A useful review (Clin Gastroenterol Hepatol 2013; 11: 6-12) provides information on these clinical problems.
Belching or eructation can be divided into gastric belches which are normal and supragastric belching. Supragastric belching which is a behavior (not a reflex), is often provoked by stress. Air does not originate from the stomach or air swallowing (aerophagia). The most common mechanism: a contraction of the diaphragm causes negative pressure in the chest and allows air to be suctioned into the esophagus. It is expelled subsequently as a belch. In some instances, it can occur up to 20 times a minute. Supragastric belching does not occur during sleep and usually does not occur during speaking.
A clinical diagnosis usually is sufficient, though esophageal impedance can document these events as well.
- Explain physiology to patient
- Consider psychiatric evaluation when appropriate
- Glottis training by qualified speech therapist –needs to be aware of mechanism (that belching is not due to aerophagia).
- Alternative treatment could include cognitive behavior therapy, baclofen, hypnosis or biofeedback
Hiccups (singultus) are abnormal if lasting more than 48 hours.

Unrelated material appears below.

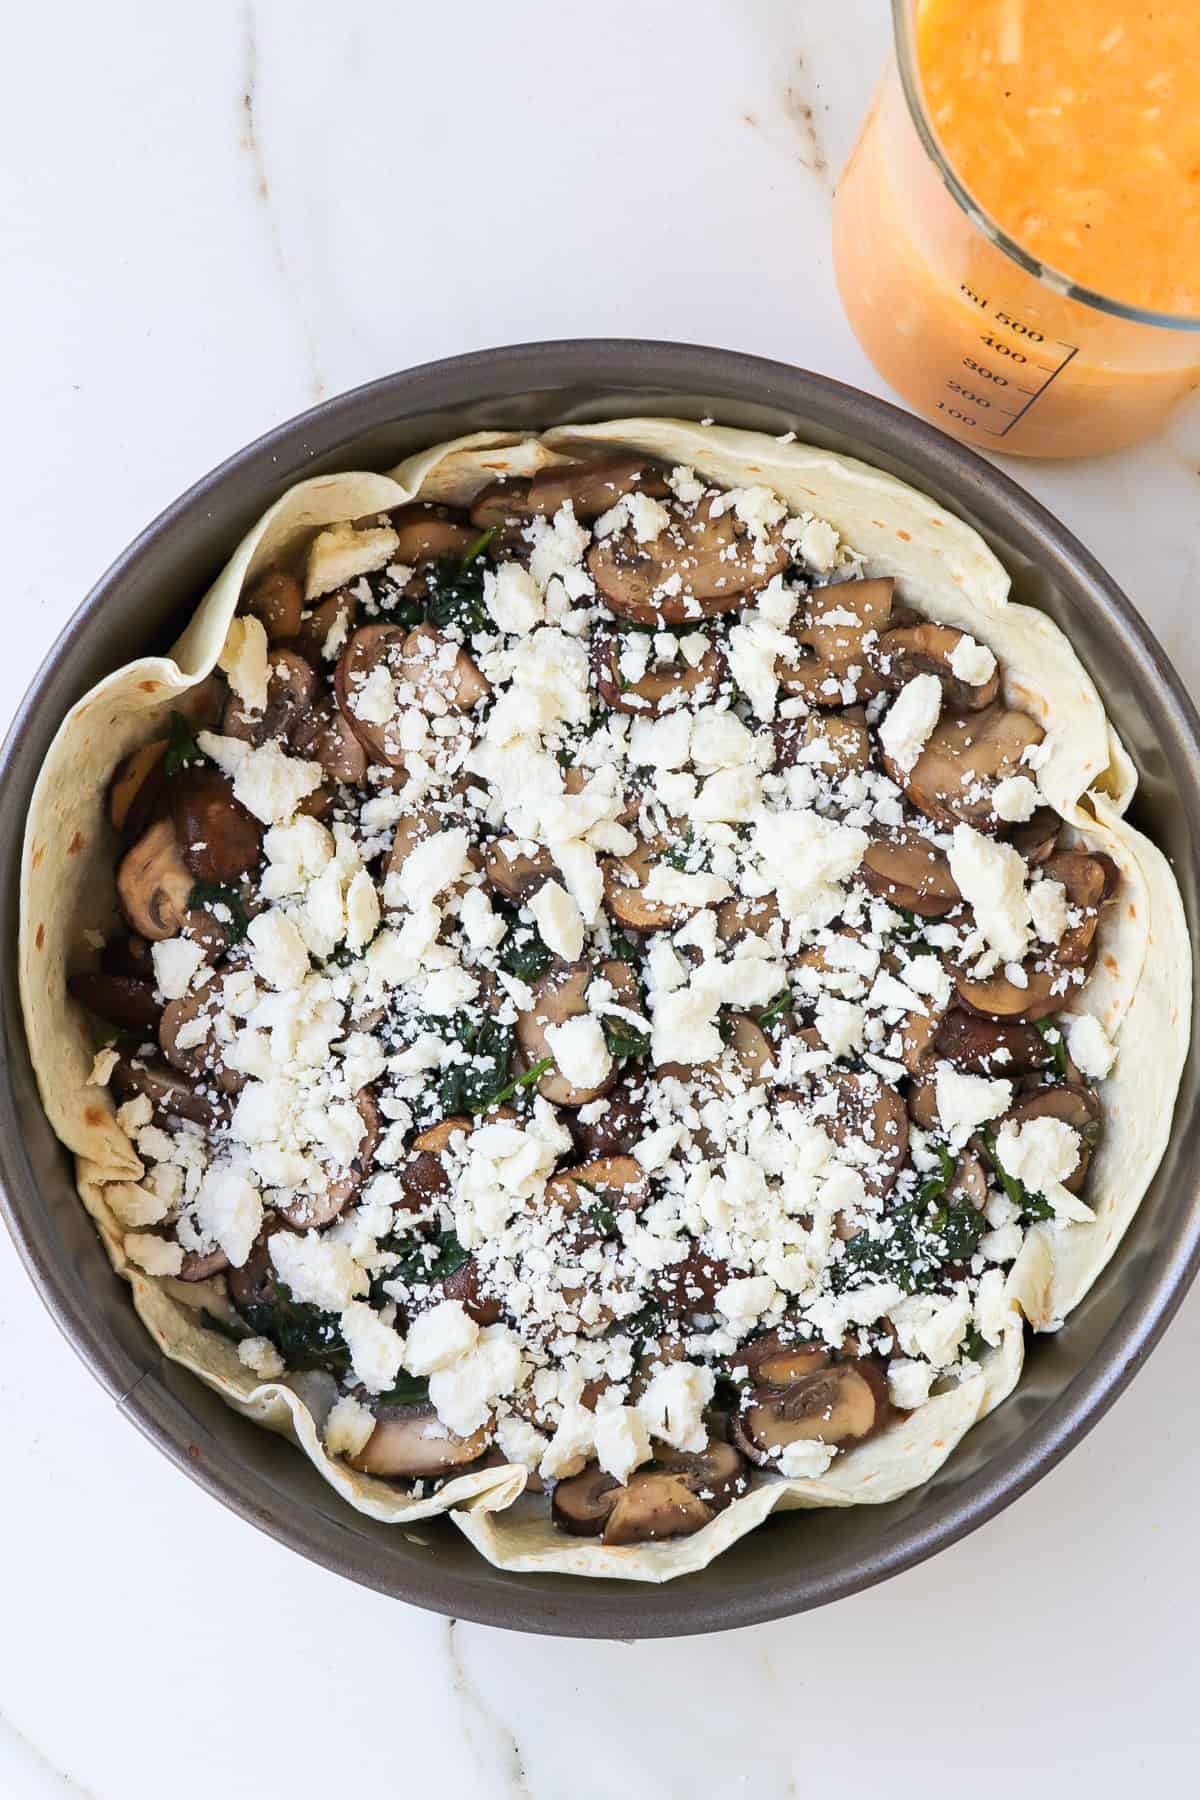 Springform pan with cooked mushrooms and feta in a tortilla shell.

Hiccups (at least in adults) have more likelihood of underlying pathology than belching. This review suggests workup including blood tests (CBC, CMP, Amylase/lipase, CRP, Cortisol) and consideration of EKG, CT of chest, Upper endoscopy, MRI of brainstem, and esophageal impedance.

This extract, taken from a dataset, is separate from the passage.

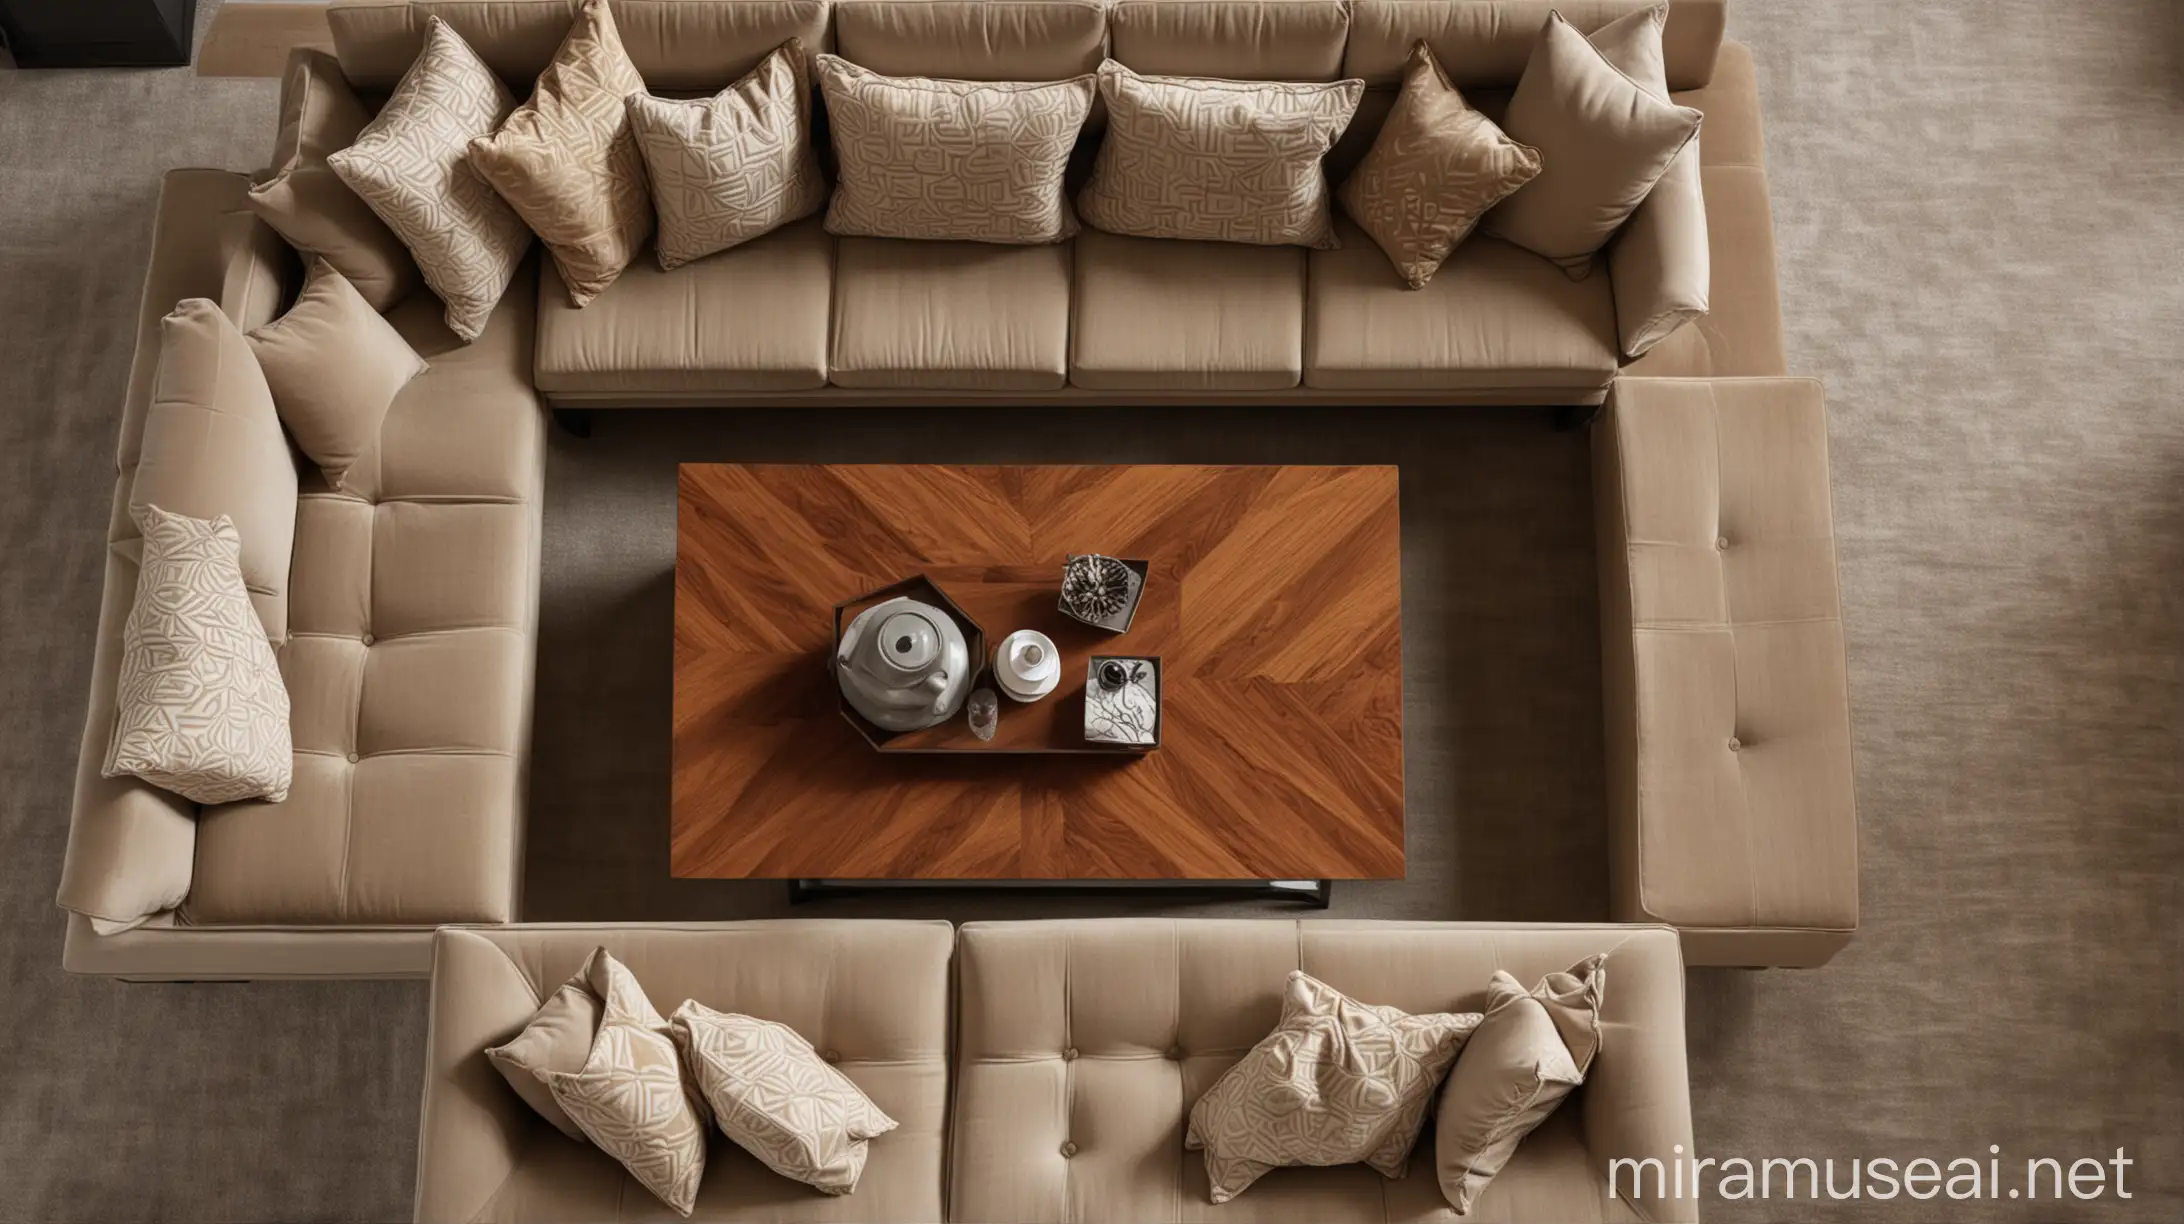 A high-angle shot looking down on the coffee table and sofa, creating a sense of spaciousness and emphasizing the geometric shapes of the furniture.

Physical maneuvers have usually been tried and include the following: scaring the patient, rapid drinking, eyeball compression, holding breath, biting a lemon, swallowing sugar, and sniffing vinegar. A good differential diagnosis is given as well in this review -though many cases are idiopathic.

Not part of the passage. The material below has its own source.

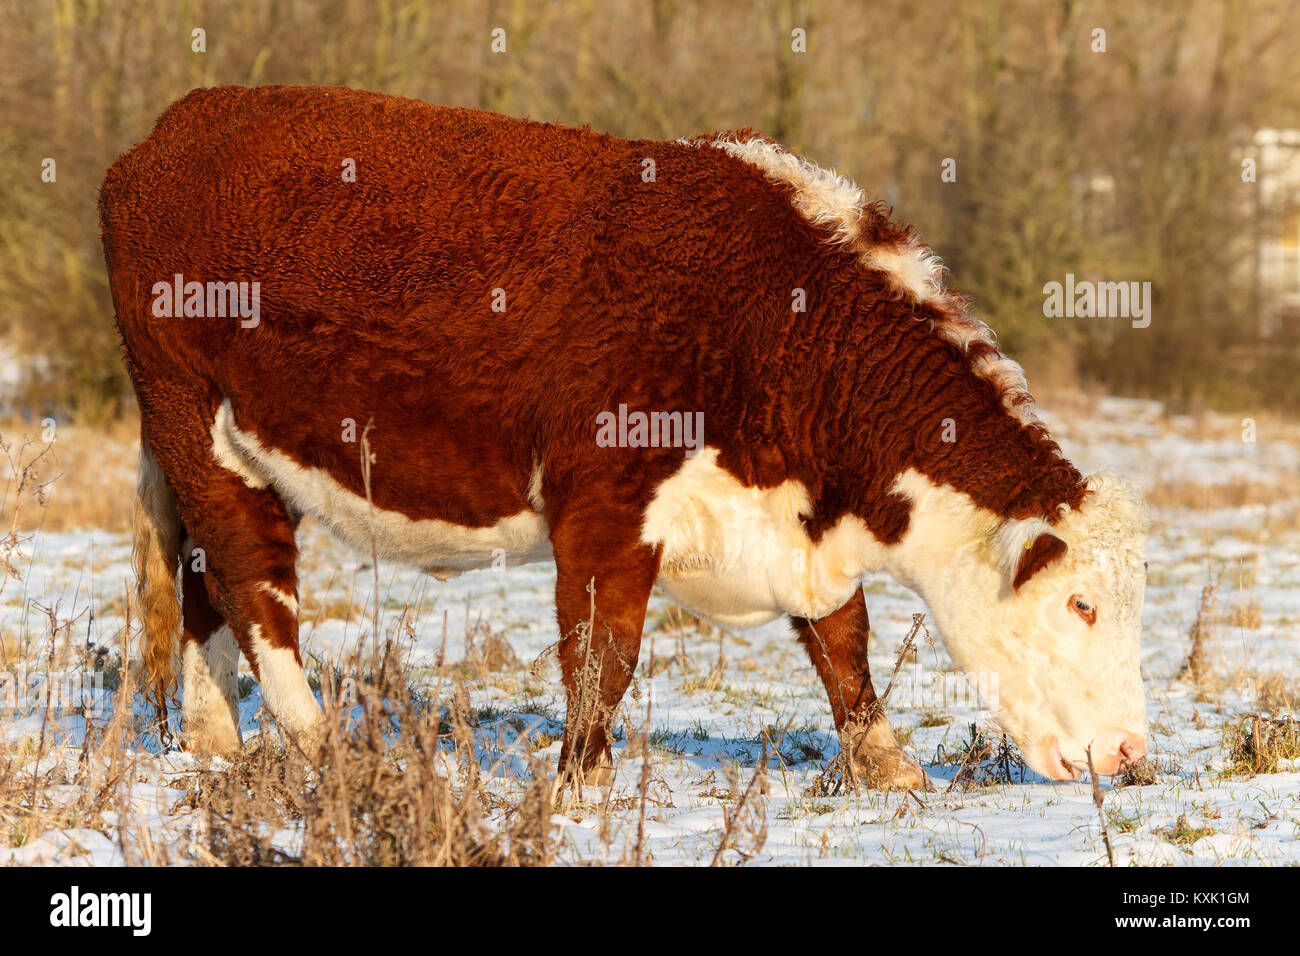 Big highland cattle of scotland searching for food on field of snow Stock Photo

In the U.S. the only approved drug treatment is chlorpromazine. Typical starting dose for adults with this condition is 25 mg 3-4/day. Potential side effects include drowsiness and rarely tardive dyskinesia. Potential alternatives include baclofen and gabapentin. Numerous other agents and even surgical options are listed in this review that have been reported in case studies.
Aerophagia indicates excessive swallowing of air (capable of inducing symptoms like bloating or pain). No controlled studies have been completed. Expert opinion suggests using a nasogastric tube and sedatives like lorazepam in severe acute cases. In more typical chronic cases, advice includes restriction of carbonated beverages and possibly speech therapy. Agents like simethicone may be helpful. Laxatives may be helpful in some cases as well.